Anglican Communion News Service - Digest News

 

Bishop Baines:TV fearful of 'toxic' faith

The Bishop of Bradford, the Rt Revd Nick Baines, has accused broadcasters of an “ideological knee-jerk” reaction against religion.

Writing in the Radio Times this week, Bishop Baines praised the BBC’s Holy Week and Easter schedule, including the Preston Passion (News, 6 January), as “increasingly imaginative”. He continued: “However, go beyond the BBC (and the odd bit of Channel 4) and religion has been dropped as if it were a toxic contaminator of decent culture.
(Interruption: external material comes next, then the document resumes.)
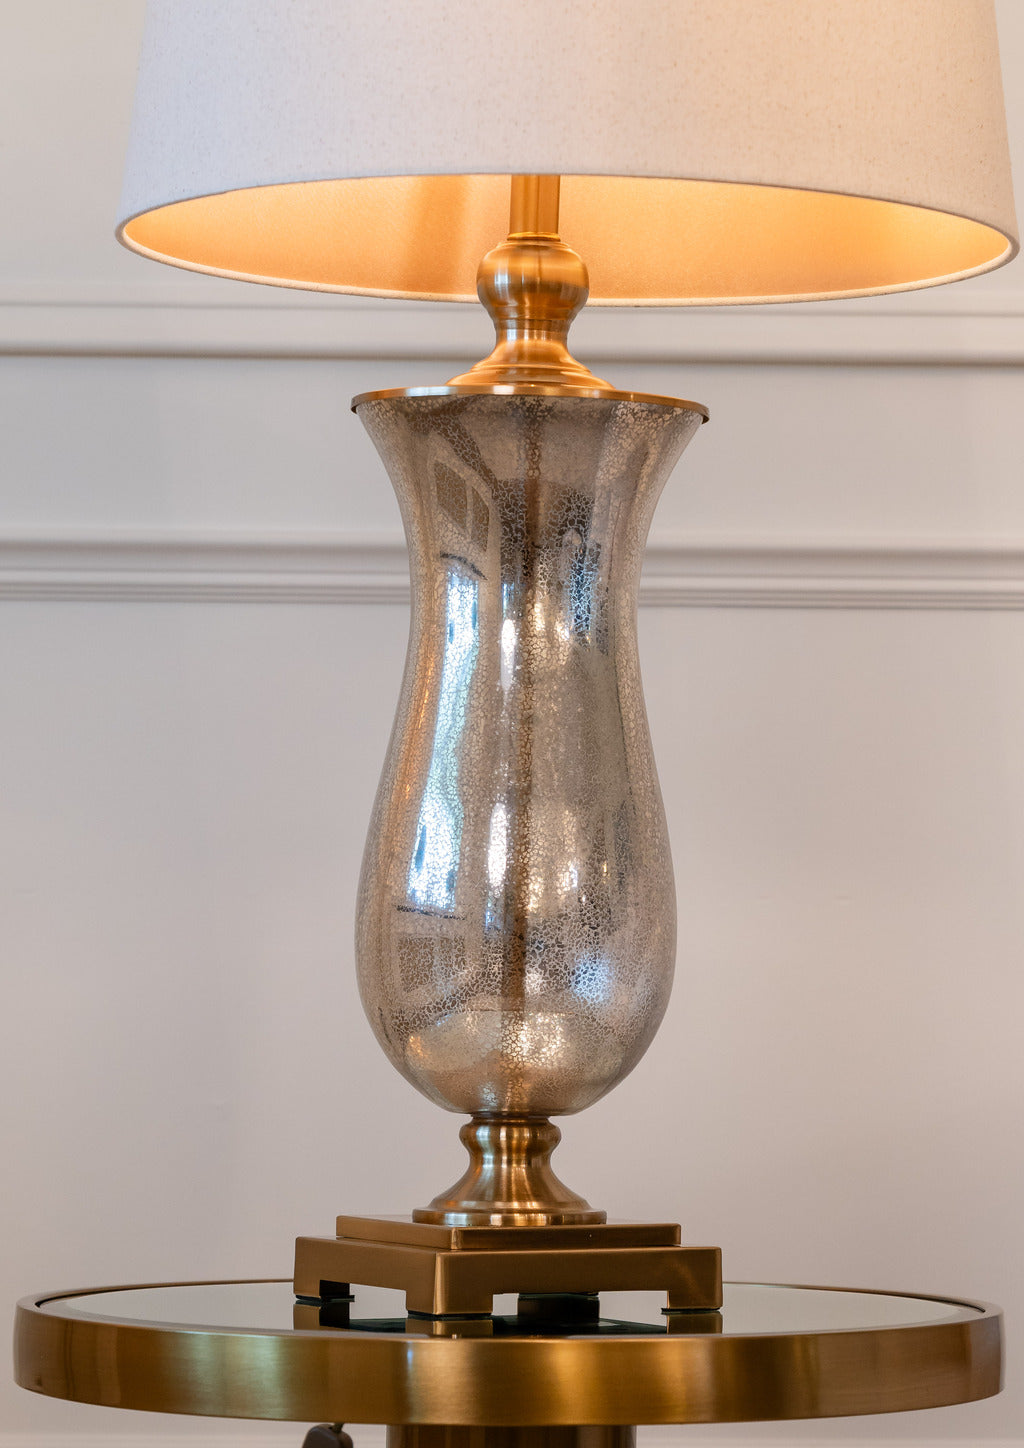 Gold table, Table lamp, Lighting, Gold lighting, gold furniture, Pink lampshade, Silver and gold
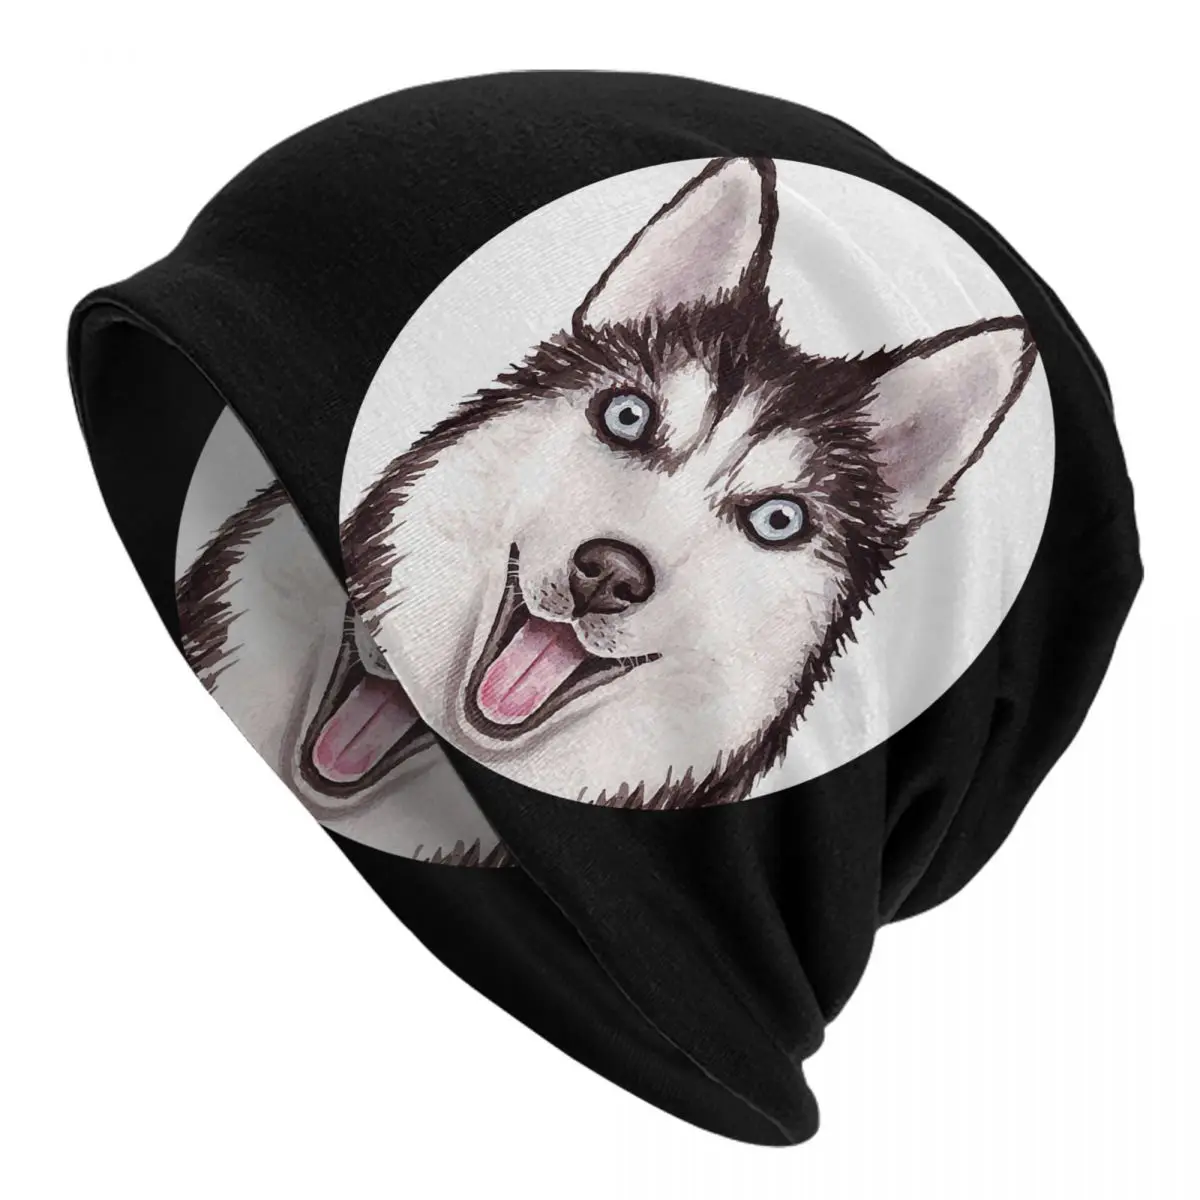 Siberian Husky Head Dog Breed Animal Pet Lover Gift Adult Men's Women's Knit Hat Keep warm winter Funny knitted hat

This ideological knee-jerk sees religion as an embarrassing problem (for which there is obviously no audience) rather than part of a solution (one lens through which to tell stories and understand people, their lives, and motivations).”

The Bishop wrote that ITV “sees no need to consider religion — despite the fact that more people shape their lives around religious conviction and practice than attend sporting events”. He was not arguing that “religion should be privileged or protected”, or that “religious propaganda should fill space in the schedules of broadcasters. But it is to maintain that we can’t understand people, events, and the way the world is if we don’t take religion seriously.”

Bishop Baines asked why BBC News had no “religion editor. . . if an economics editor is needed to help explain and interpret economic decisions and events in order that the public should be responsible citizens in our democracy, why on earth isn’t there someone to explain, interpret, and communicate the phenomenon of religion as it influences people, colours political and economic decisions, questions values and shapes both individual and corporate behaviour?”